Heather graduated top of her class from the physiotherapy program, while Peter graduated second in his class to earn a law degree. Peter soon joined major law firm Lawson Lundell, where he became the firm’s youngest tax partner. Peter had also attended Harvard University for a master’s in law, where he met and struck up a friendship with Bill Dickson. Peter ultimately recruited Dickson to Lawson Lundell, and convinced him and his wife Nancy to make the cross-country move from Halifax.
“When Bill and I received a letter in March, 1968, saying that they had been up skiing at this new mountain called Whistler in a foot of fresh snow on Saturday and then had come back to Vancouver on Sunday to play six sets of tennis outside, we decided to relocate to the West Coast,” writes Nancy.
The couples, both with sons born in 1970, rented a cabin together alongside another colleague, his wife and twin daughters, during the 1970-71 ski season. The women would take turns watching the kids while the others headed out on the hill, mimicking their weekday arrangements.

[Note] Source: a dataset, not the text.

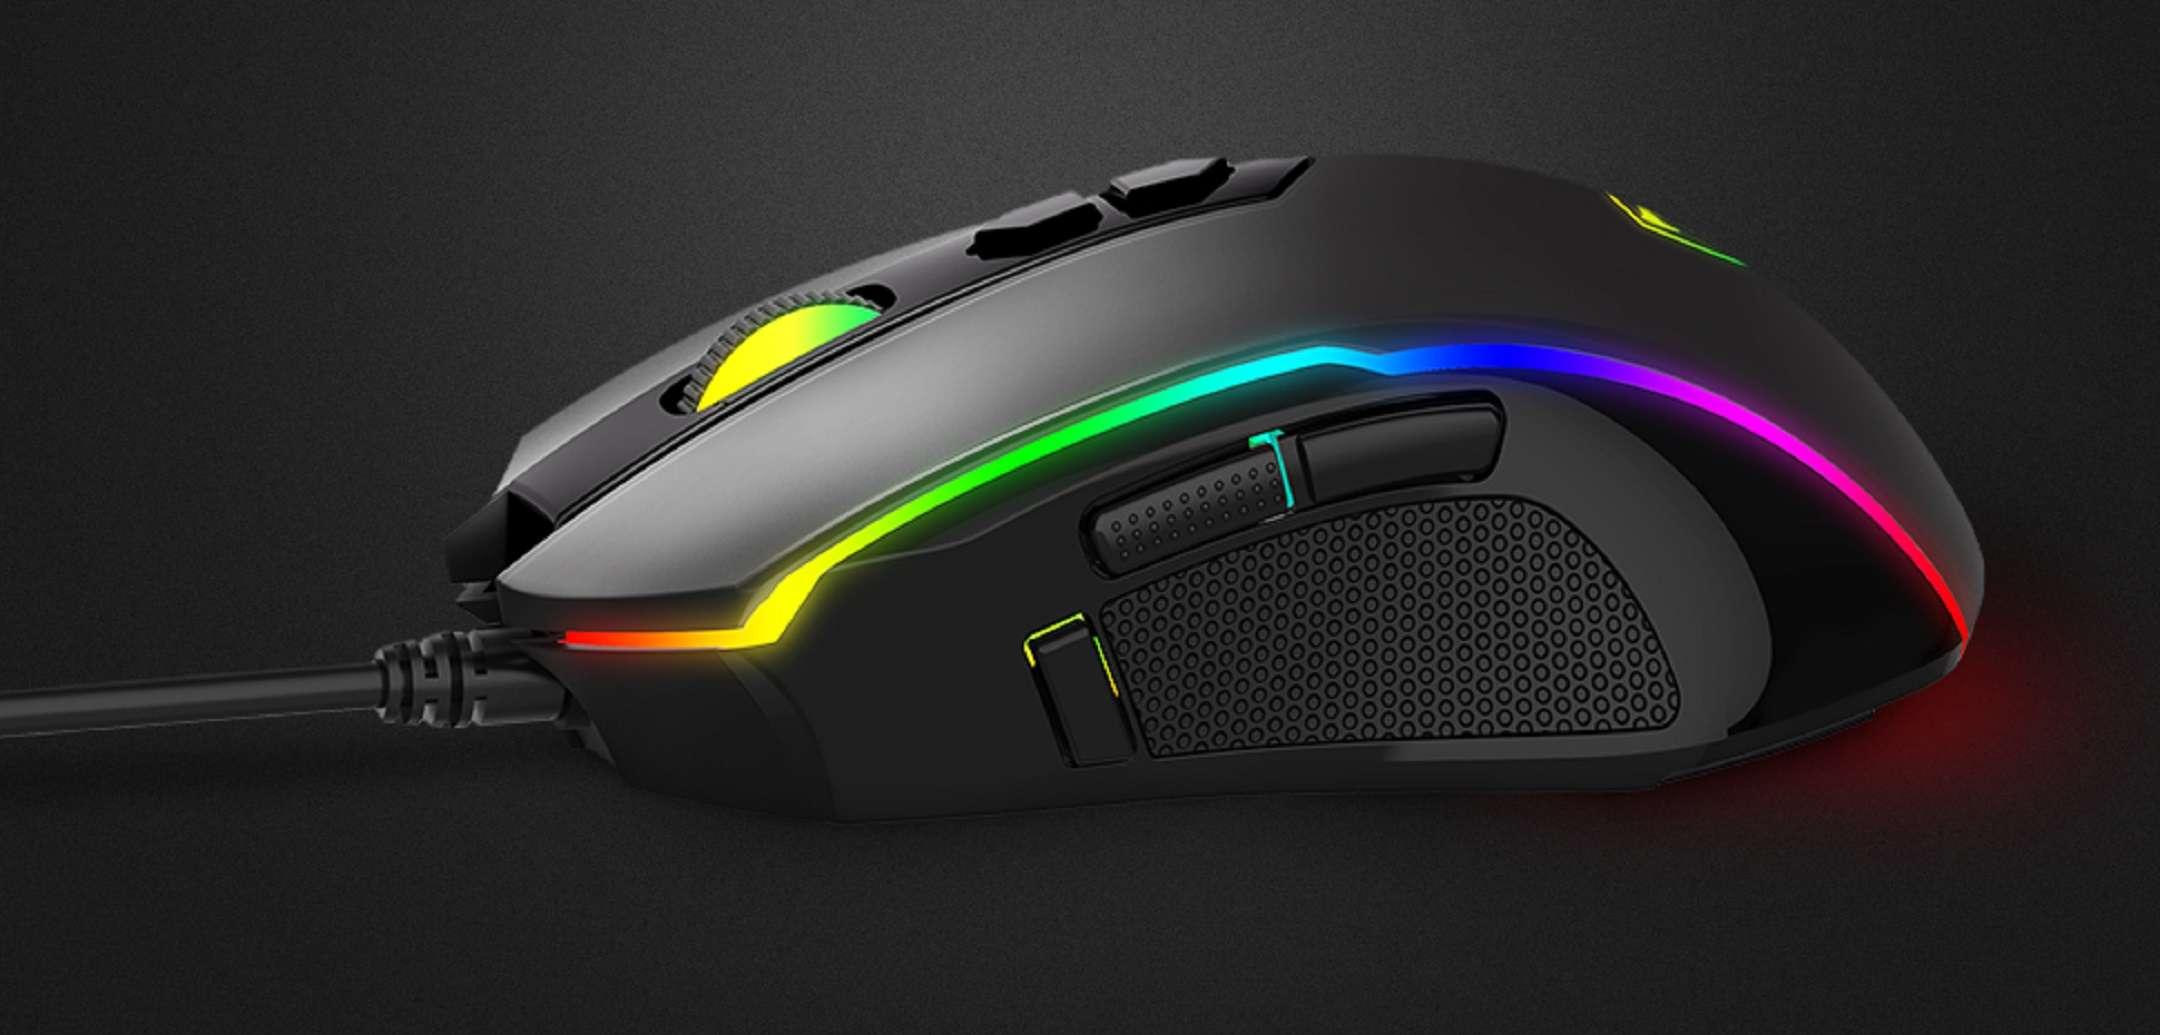 Pictek gaming mouse: on offer for only 17 euros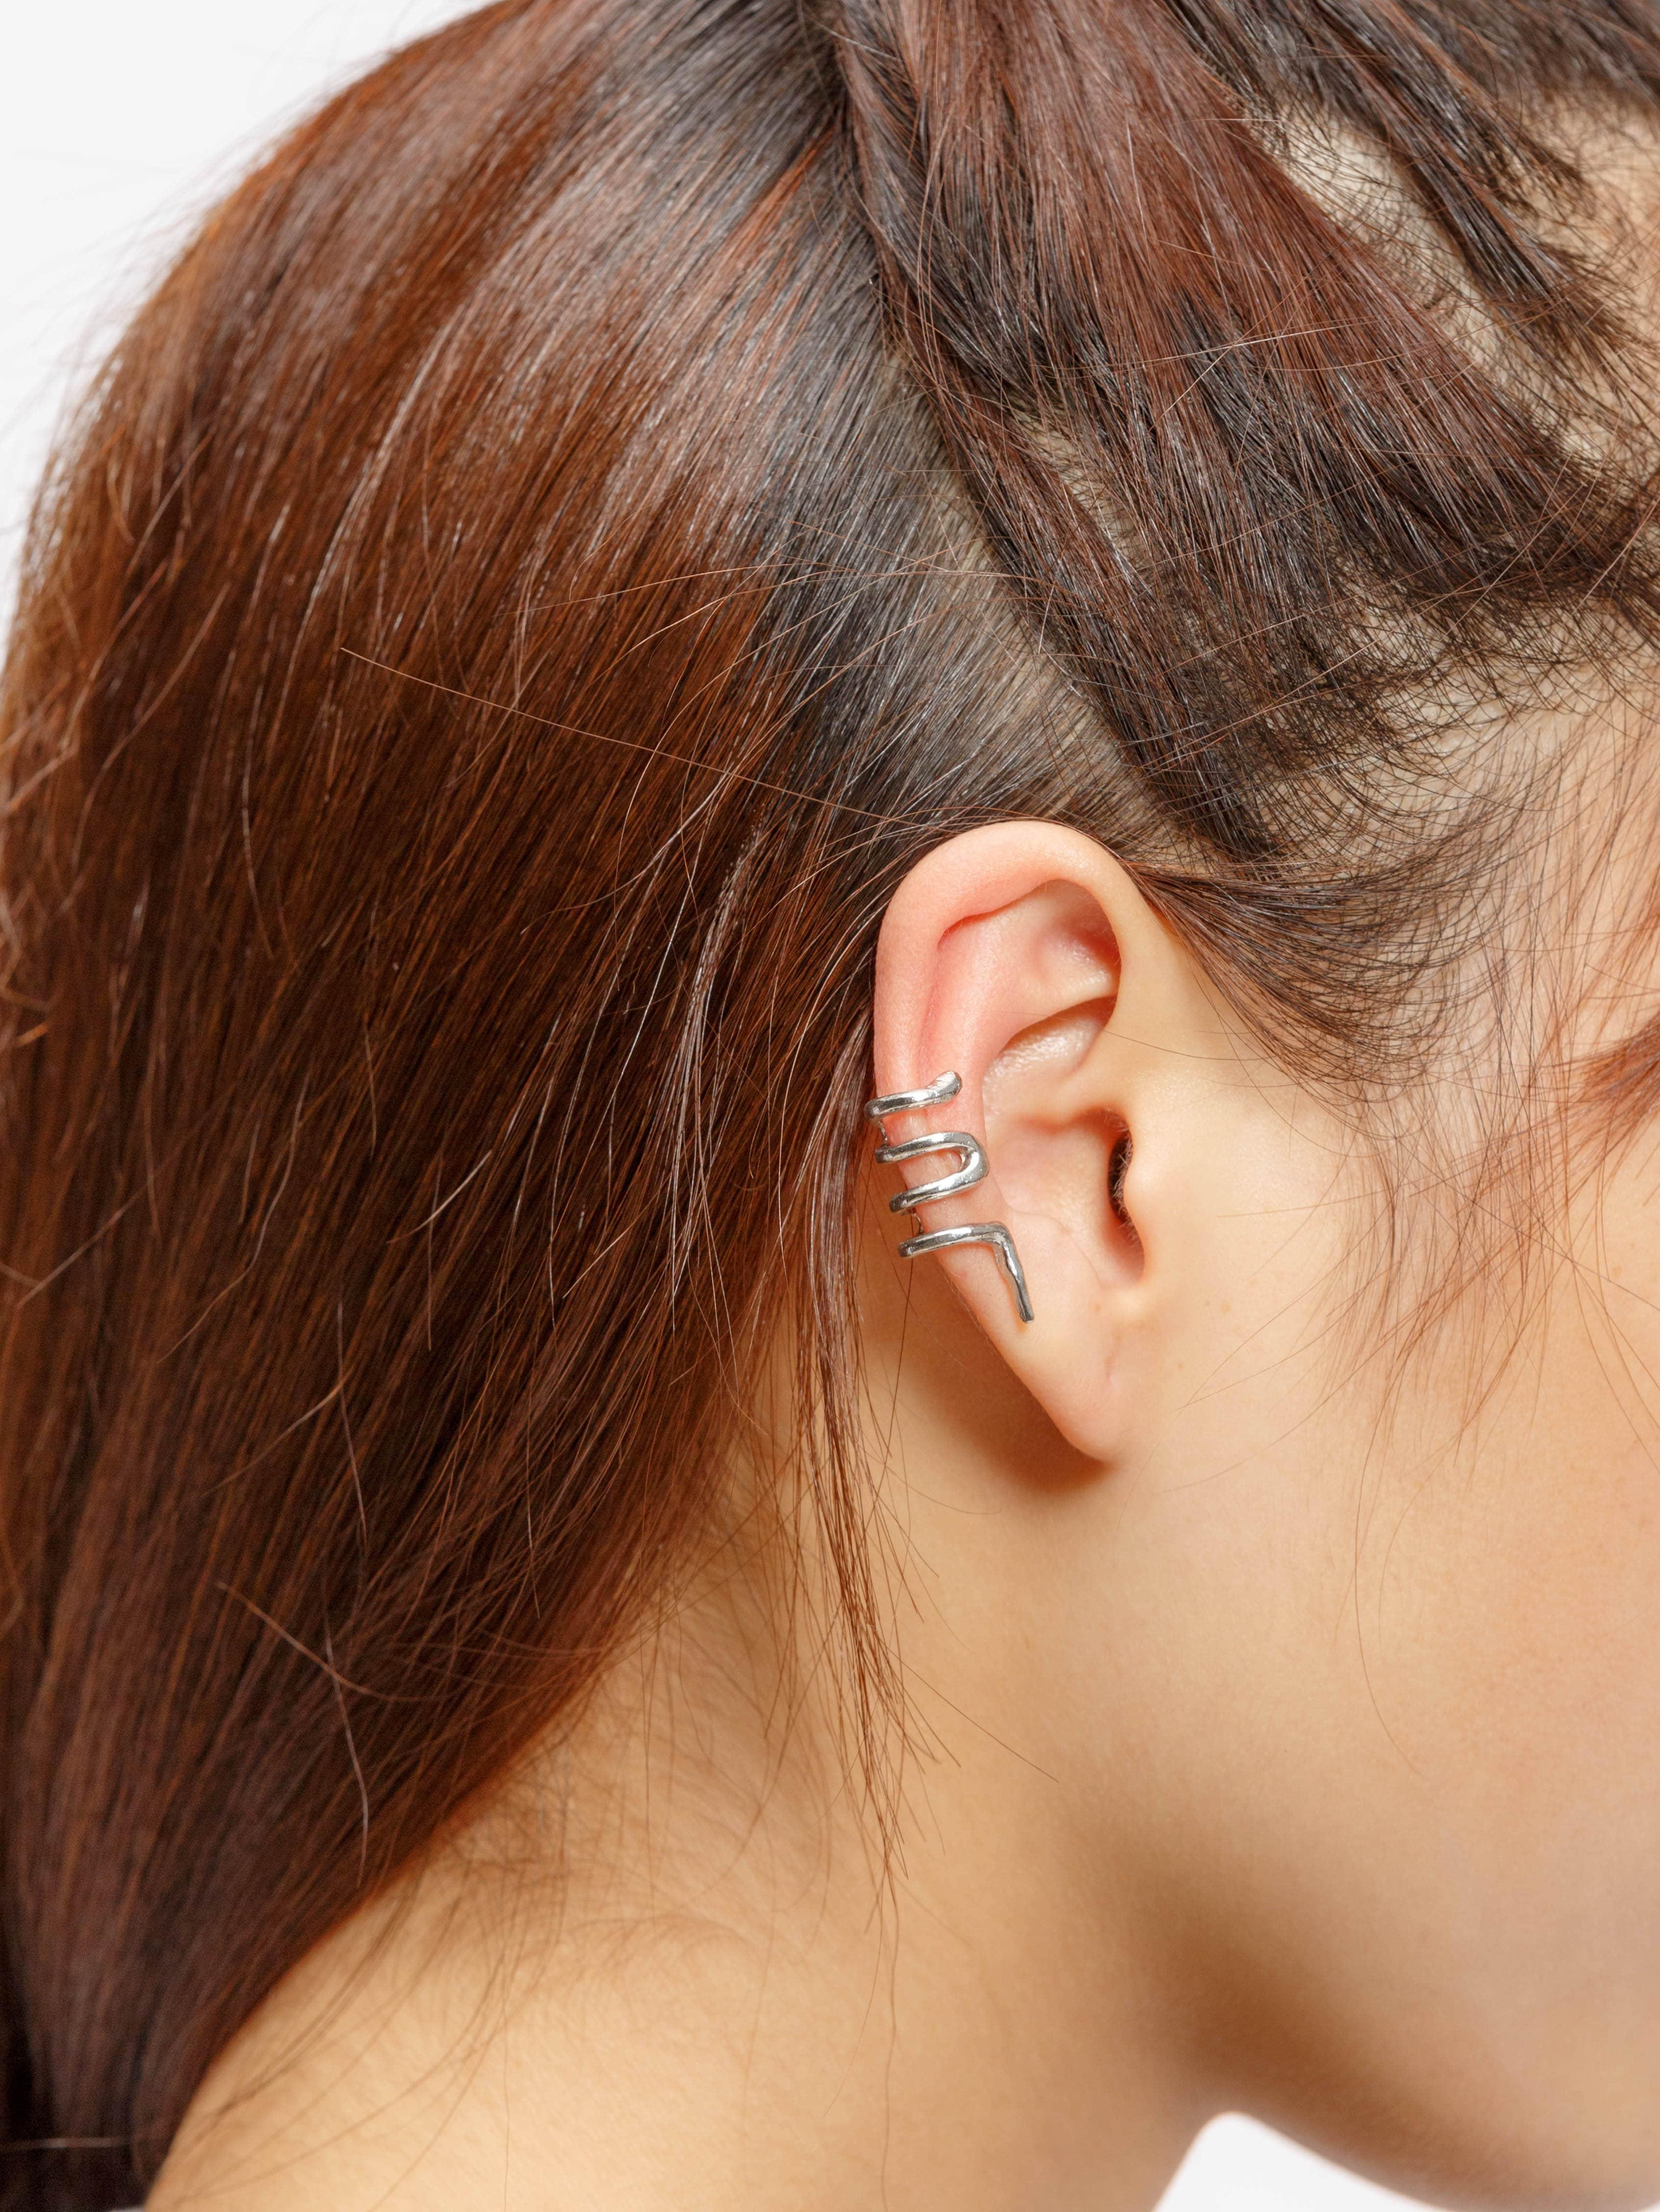 Snake Shaped Ear Cuff 1pc 1pc 6ed1053 1fg00 0ba0

“Heather and I were each juggling children and careers, Heather as a physiotherapist at [Vancouver General Hospital] and I, as a social worker,” recalls Nancy. The pair arranged three-day workweeks, where, on the other two days, they’d take turns looking after each other’s sons—“a wonderful arrangement where the boys became like brothers,” says Nancy.
Bill helped participate in the search following the avalanche, which Nancy calls “the most traumatic event we have ever experienced.” Nevertheless, the Dicksons are now in their 54th Whistler ski season. “As we ski across the breadth of Harmony Bowl, we always remember our dear friends and the price they paid for being in the wrong place at the wrong time.”